- Problem to work on -
Pictures aside, the output must consist of the lines from the one containing "BLAU PARK 326" through the end of the data, reproduced exactly.

- Dataset excerpt -
◇ ◇ ◇ ◇ ◇
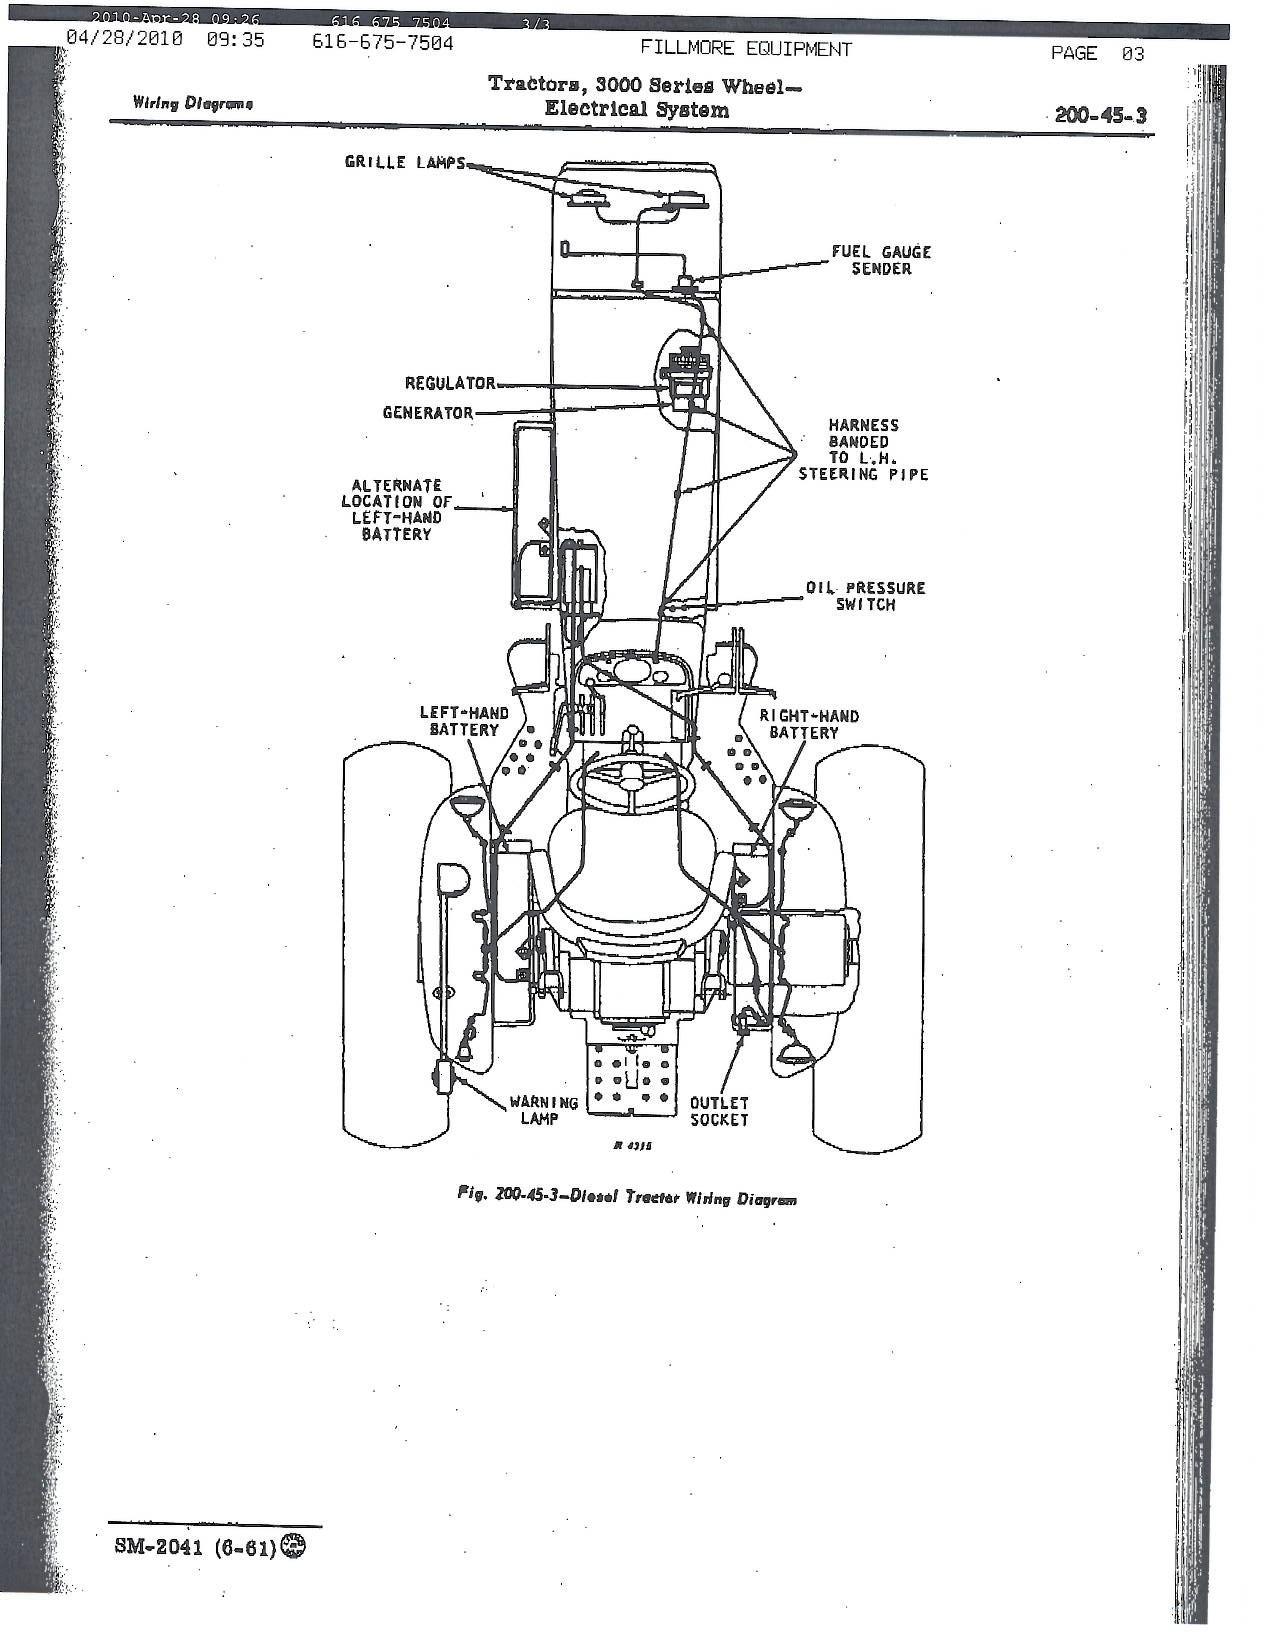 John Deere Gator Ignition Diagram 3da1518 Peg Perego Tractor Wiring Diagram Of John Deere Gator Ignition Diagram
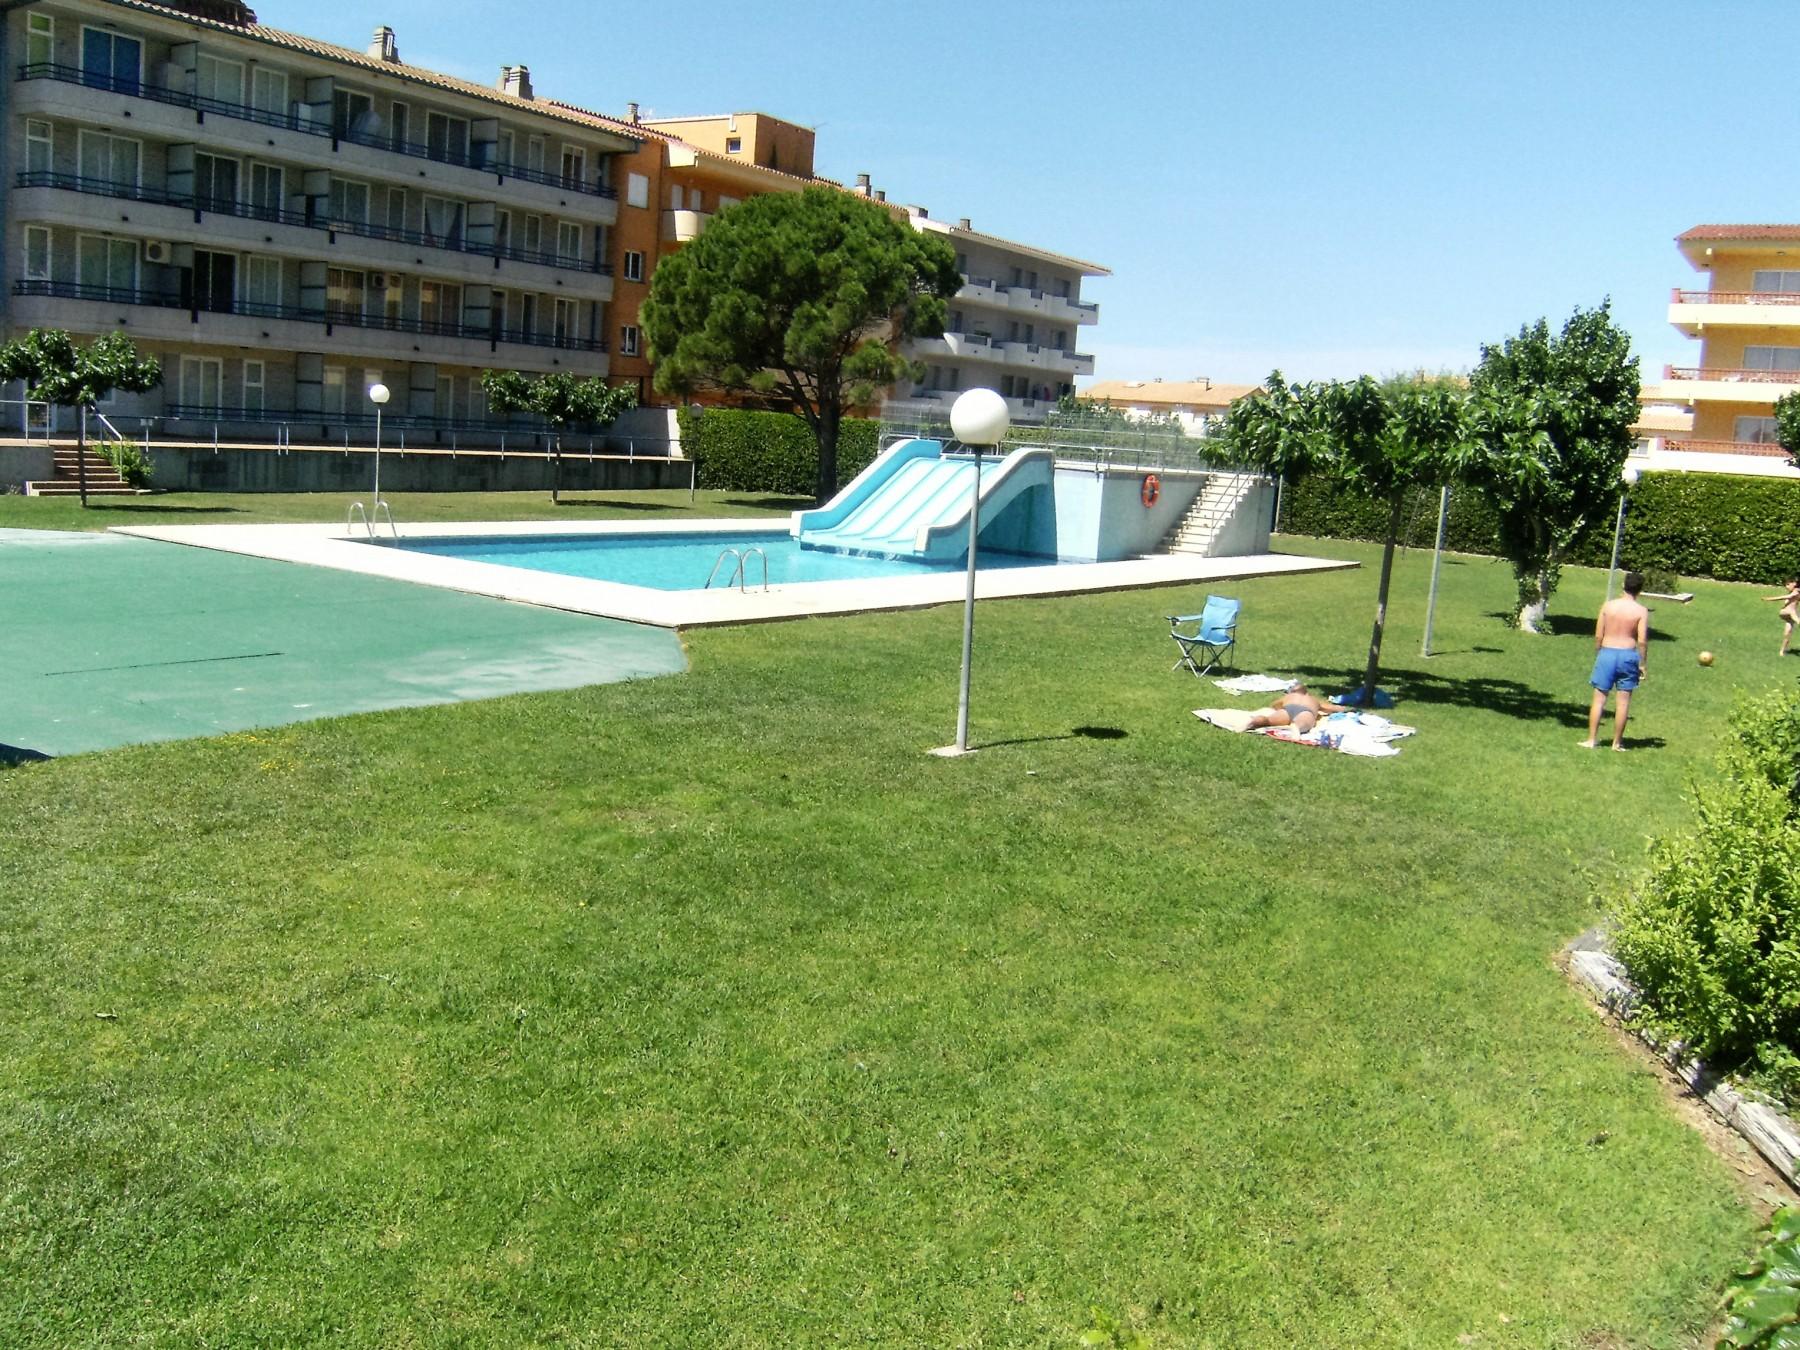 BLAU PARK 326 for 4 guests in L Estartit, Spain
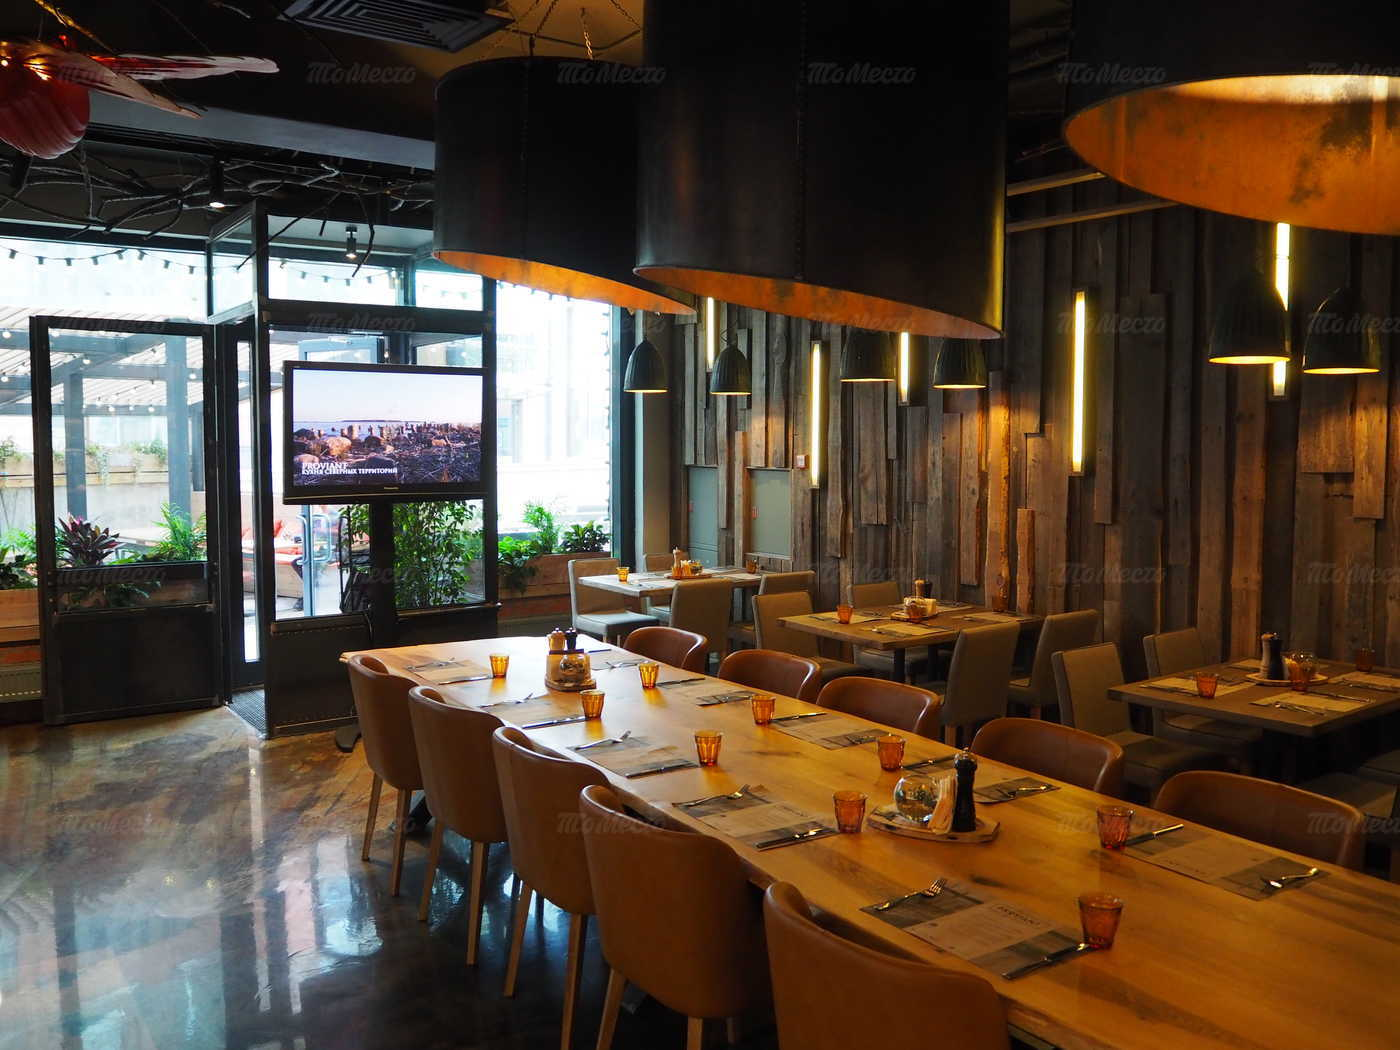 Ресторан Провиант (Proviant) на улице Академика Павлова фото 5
◇ ◇ ◇ ◇ ◇
- Answer to the exercise -
 BLAU PARK 326 for 4 guests in L Estartit, Spain
 Ресторан Провиант (Proviant) на улице Академика Павлова фото 5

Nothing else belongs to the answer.